# RECORDED INFORMATION
※ ※ ※

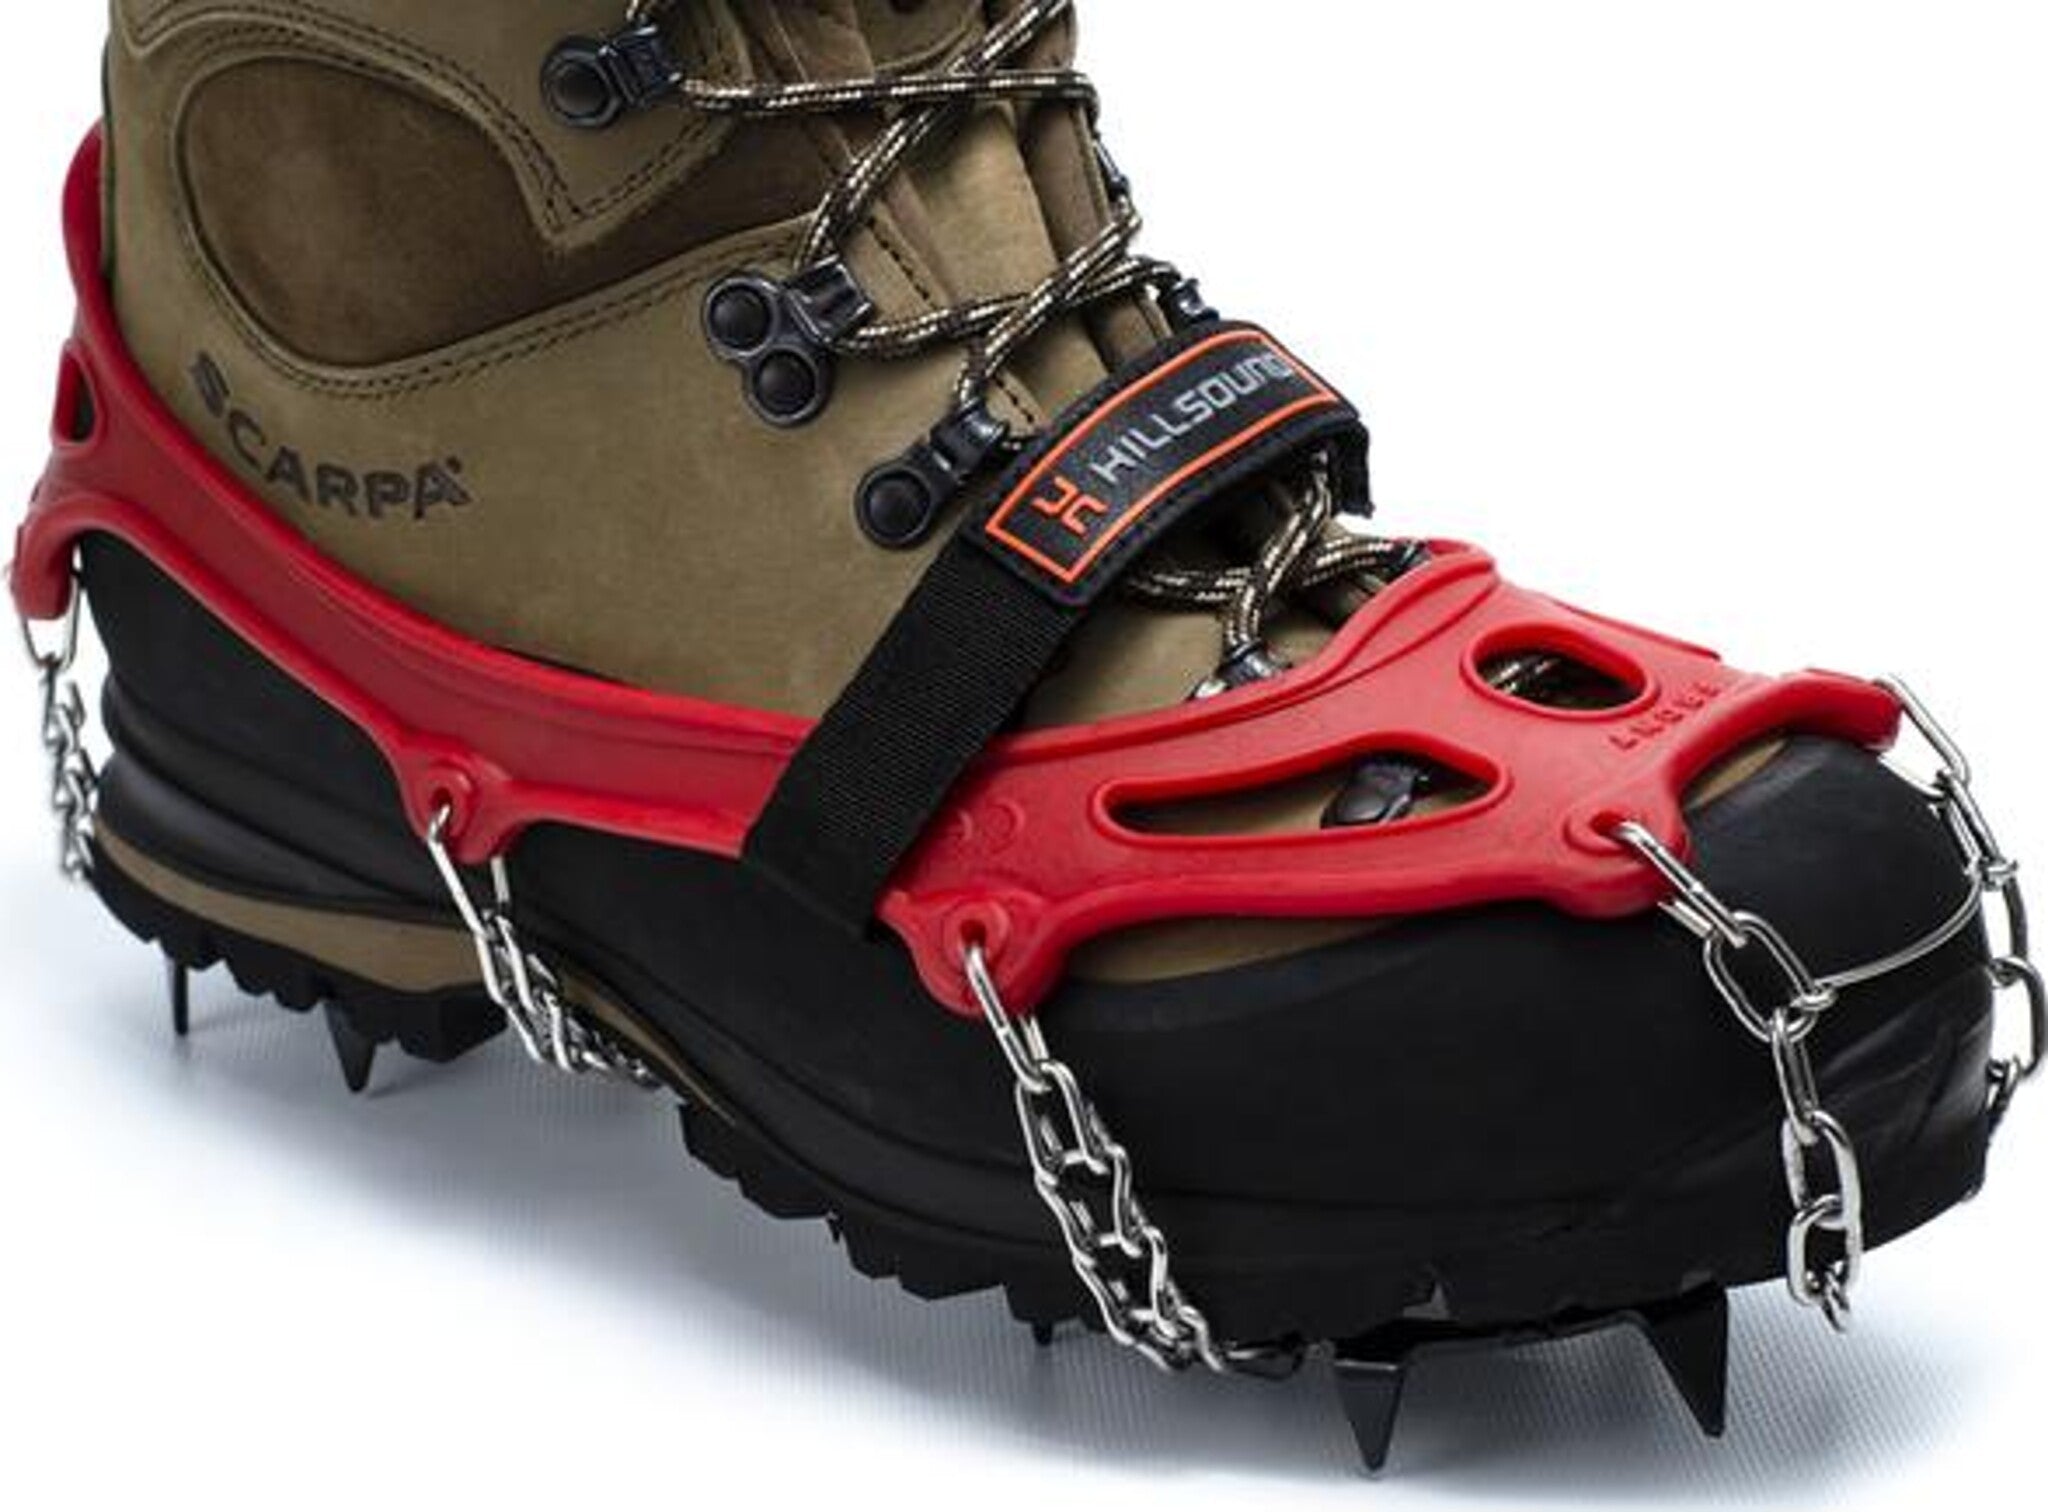 Crampons pour chaussures de traction/bottes de marche/randonnée Stabil Walk  Plus, adultes, tailles diverses
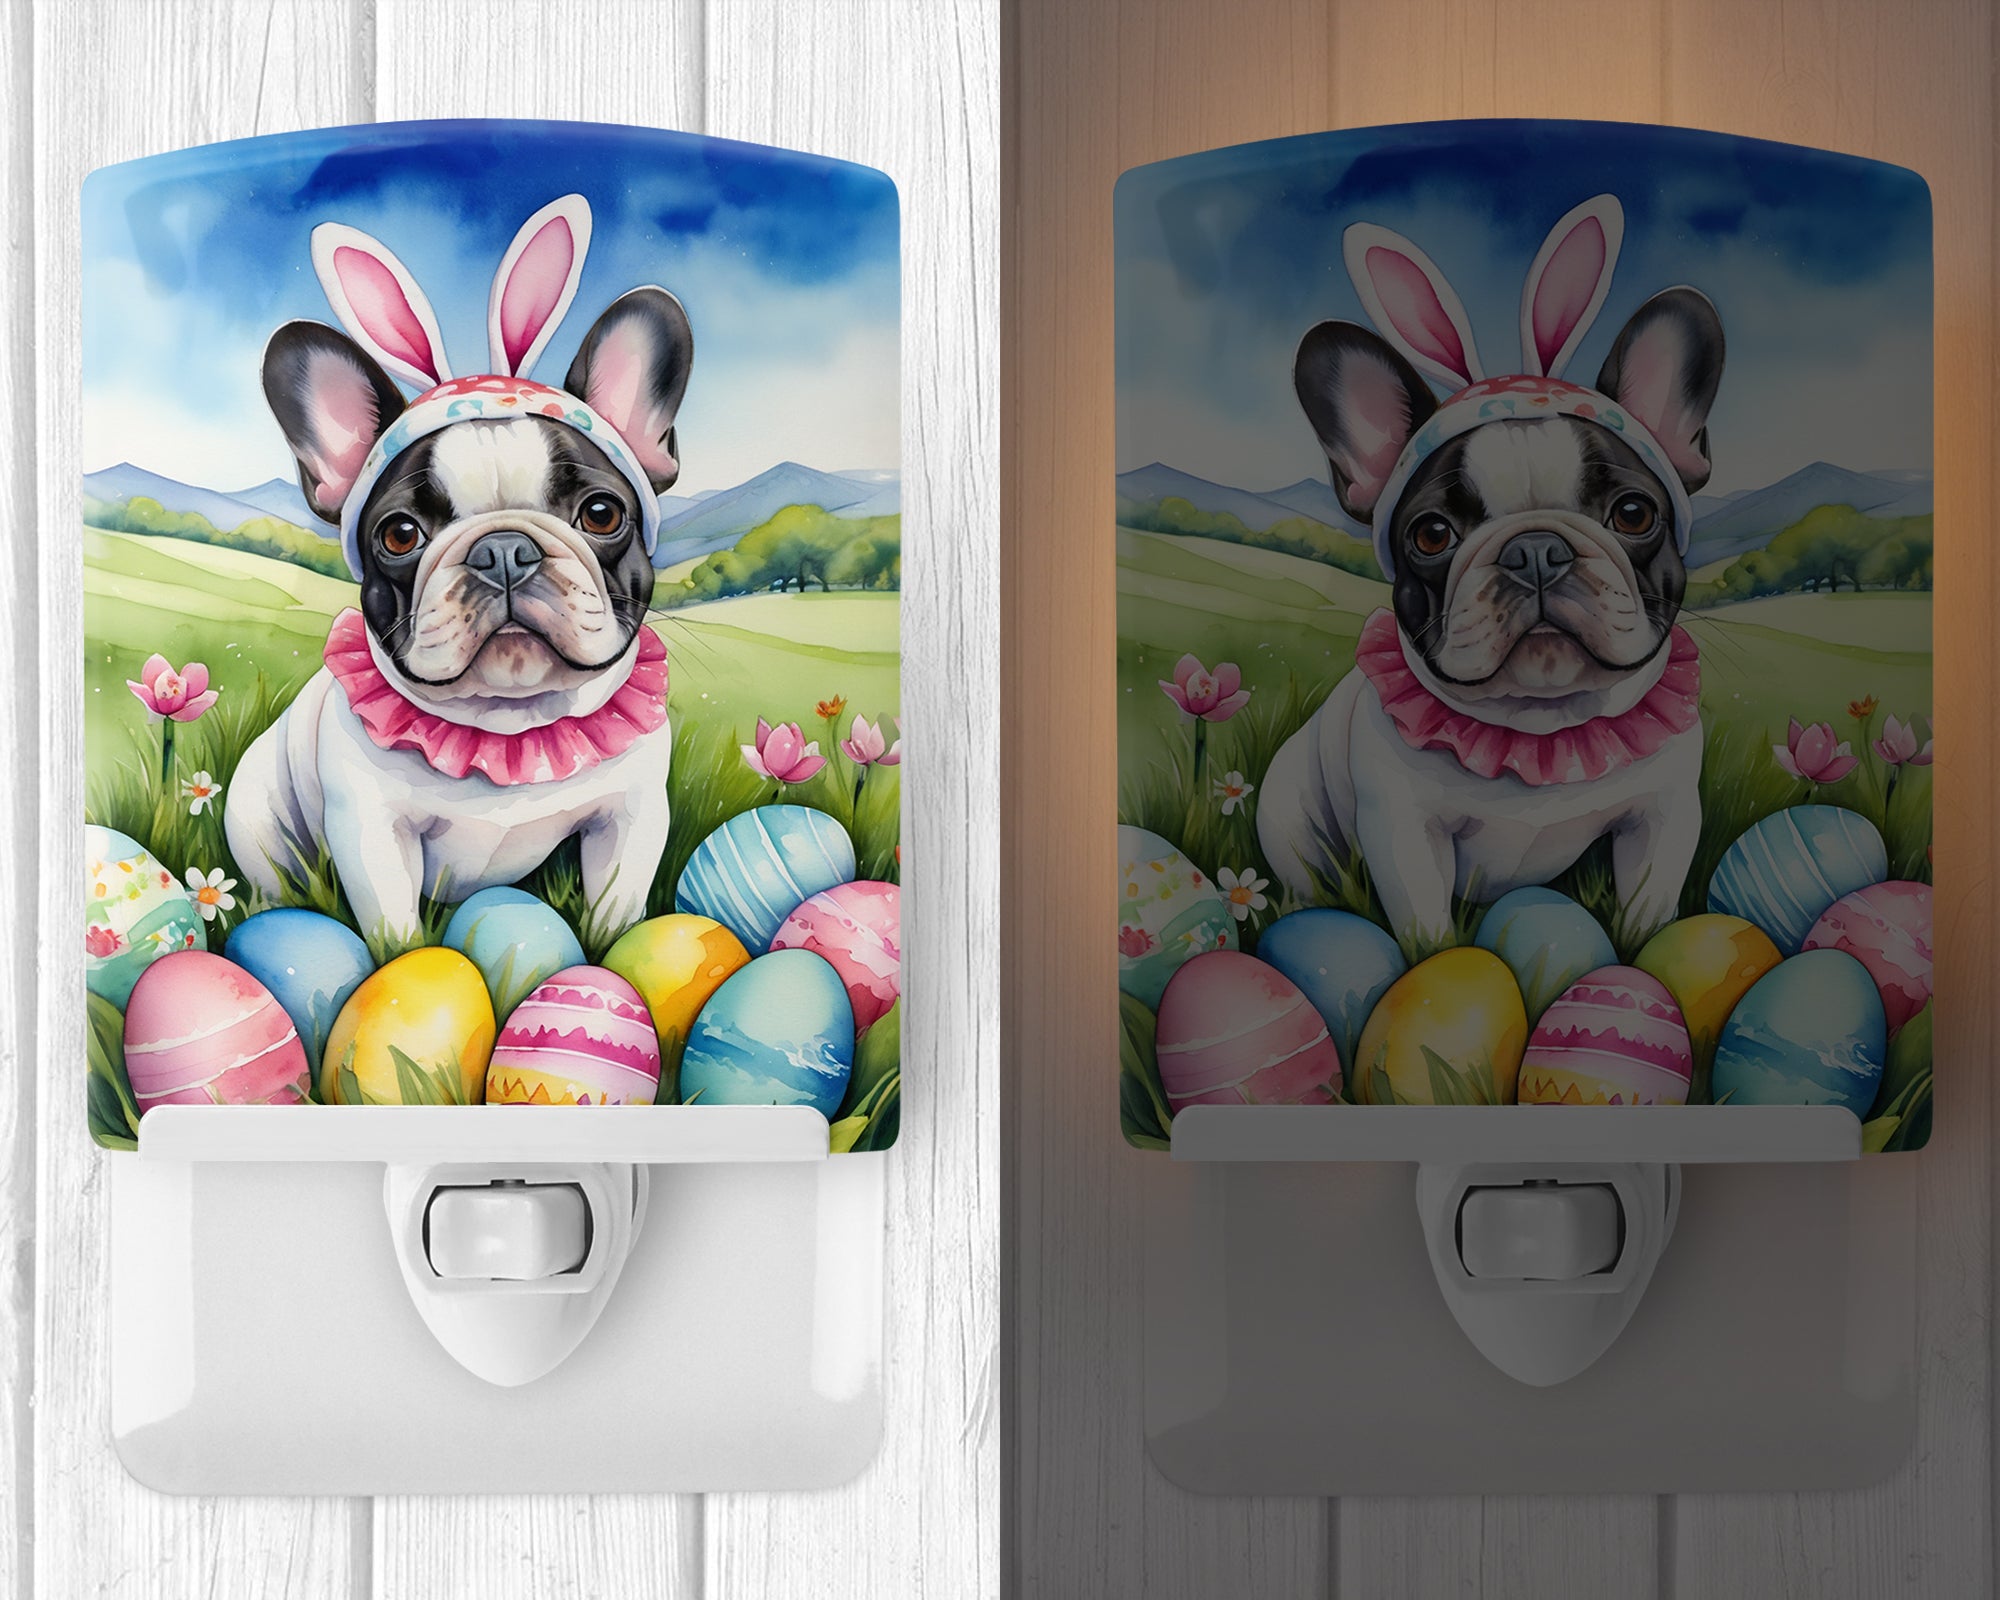 French Bulldog Easter Egg Hunt Ceramic Night Light
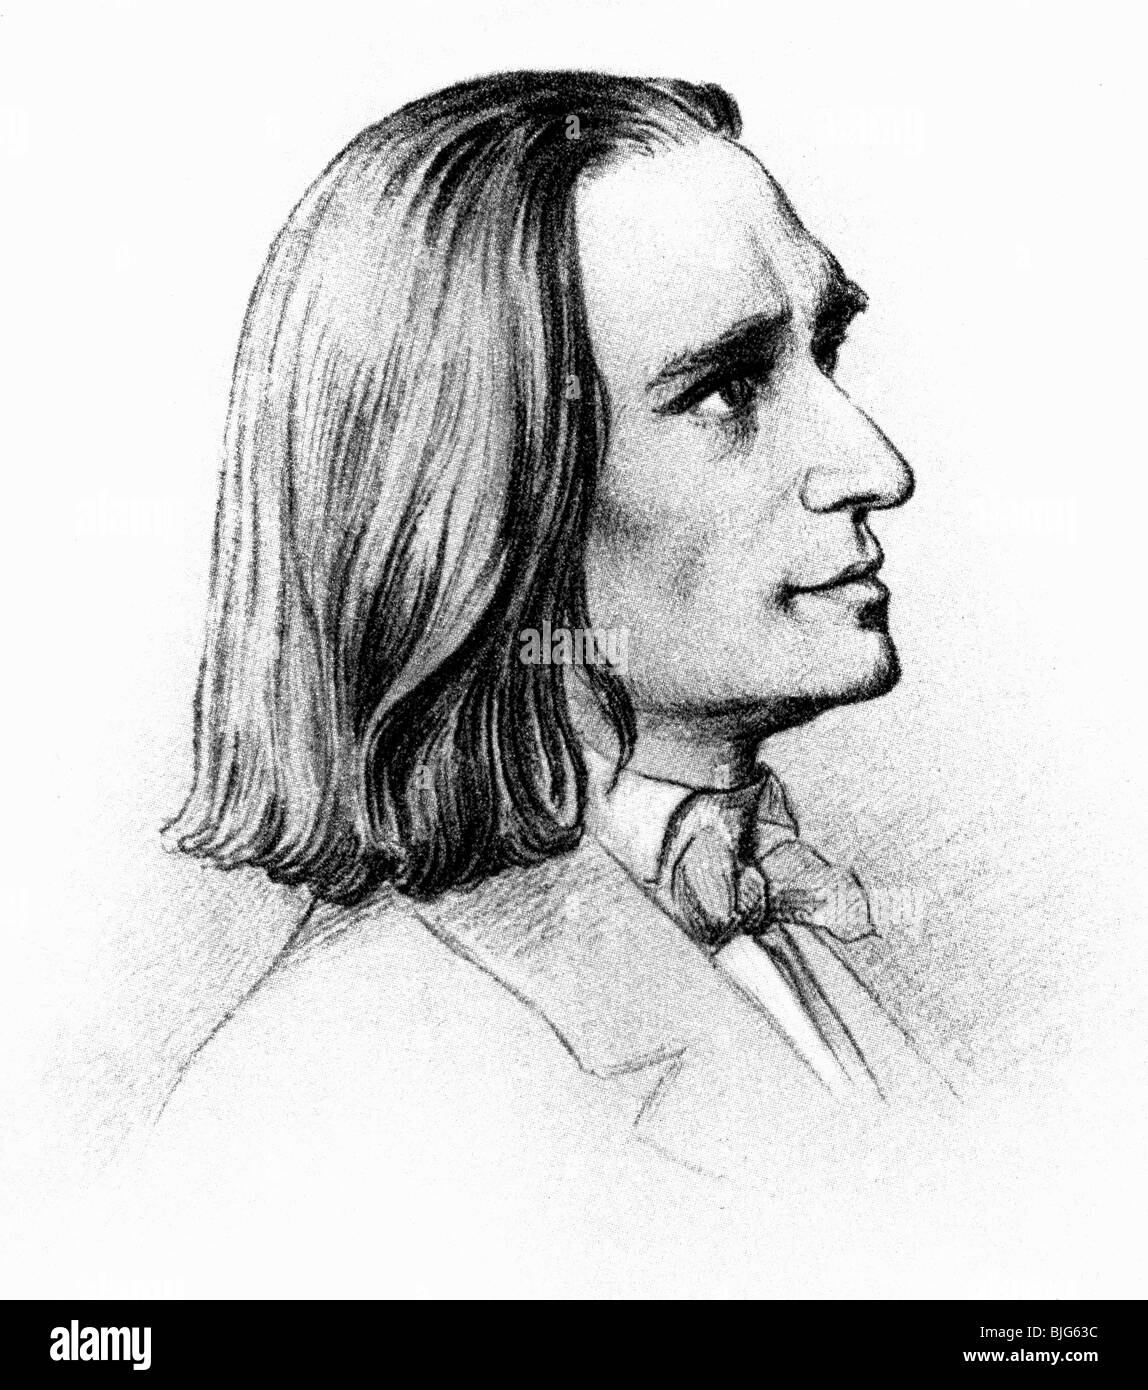 Liszt, Franz, 22.10.1811 - 31.7.1886, compositeur et pianiste hongrois, portrait, dessin de Friedrich Preller, 1858, Banque D'Images

※ ※ ※

# WHAT IS BEING ASKED
When you copy the listing above, reproduce every line exactly and skip the images.

# EXERCISE RESULT
 Crampons pour chaussures de traction/bottes de marche/randonnée Stabil Walk  Plus, adultes, tailles diverses
 French Bulldog Easter Egg Hunt Ceramic Night Light
 Liszt, Franz, 22.10.1811 - 31.7.1886, compositeur et pianiste hongrois, portrait, dessin de Friedrich Preller, 1858, Banque D'Images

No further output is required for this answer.